I know it sounds terribly self-serving - comparing the spouses, partners and significant others in other people’s lives. One could easily ask oneself: Who am I to compare, analyze or otherwise scrutinize the partners other people have chosen to live with for the rest of their lives.
I am a writer. I can and therefore I do. Besides it’s one of those age old questions that people often times ponder but seldom discuss in public. ‘How did those two end up together?’ and better yet, ‘what was the glue that kept them together for so long?’
I think many young girls when they’re growing up fantasize about the man they will eventually marry. One has to fast-forward any length of time to see if and how it worked out. For those who went the distance I’m always fascinated how and why. How did those two people end up together? Why did it work out?
I did well for myself although as I’ve confessed in another blog (Through no Fault of My Own) it was just luck on my part that my best friend of forty-seven years chose me and not someone else. There were plenty of other suiters attracted to that smart, witty, ambitious blond and yet she choose me. Perhaps the fact that she was so different from the other women I dated had something to do with it.
In high school and college, a lot of the girls I dated seemed enamored with strong men who had ‘to be in charge.’ They wanted the guy to tell them where they were going on a date, what they’d do afterwards with no discussion required. If those handsome young men expressed great insight into their own destiny and claimed to know exactly what their future held for them, the women practically felt their limbs go weak and heart start racing.
I could never resolve that conundrum with those women. On one hand they claimed equal rights for just about everything…which they should have. Then they turned around and their hearts would go all-a-flutter for those ‘father-like-figures’ who made it very clear who was in charge. I guess for those women it was easier to defer than to challenge.
I always thought it made more sense and was more respectful to let the woman decide on options for a date.

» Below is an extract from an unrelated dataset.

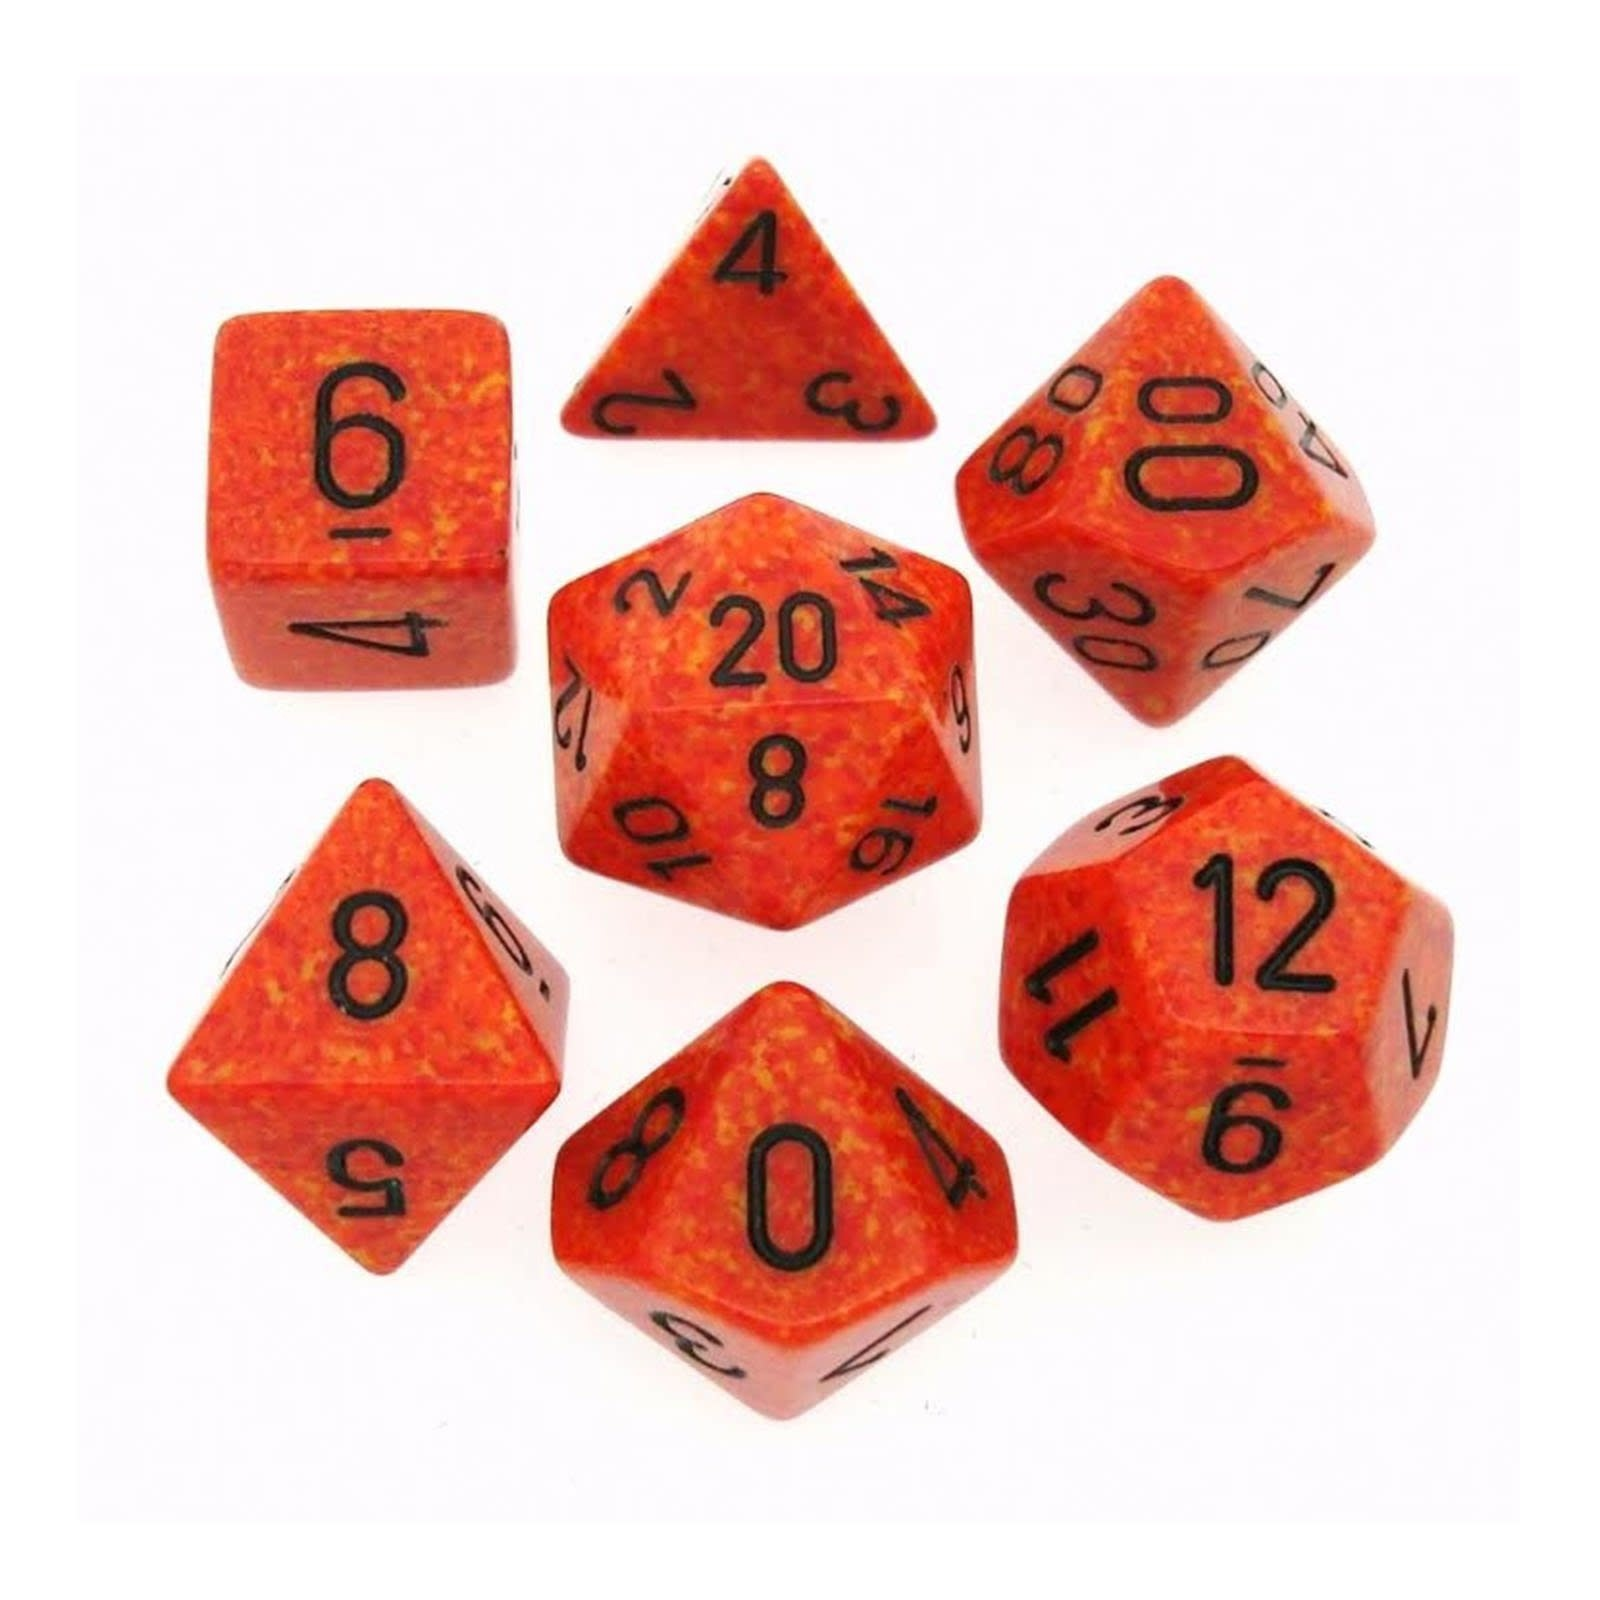 Chessex 7-Die Set Speckled Fire

Or at least to let the two of us decide on something mutually agreeable. A lot of those women back in my tender years seemed to see that approach as weak and compromising. But it was my approach so I never changed.
Conversely, I find it fascinating that so many men I know are very uncomfortable around strong women. It’s usually masked by bravado and a higher than normal volume of control. But behind the façade is a man who needs to be in charge and is not used to a woman challenging him on that role.
Long before the notion of women’s liberation bubbled into our consciousness and the #MeToo movement took shape, strong women caught my attention and imagination. As I’ve mentioned in past blogs I have always found independent women very attractive. The heroines that populate my novels and plays seem to have that same characteristic - brilliant, beautiful, and ballsy.
But I guess in the end it doesn’t matter who you marry as long as it works for the two of you. Others may try to figure out your chemistry but why bother.
On the surface, my own connection may not seem very obvious. It was a kaleidoscope of opposites attracting and subtle yet very real mutual goals. It is a collaboration of aspirations and agreements where it really matters. It’s our own fabric of living together and yet independently that makes our partnership work.
All the rest is supposition and assumption.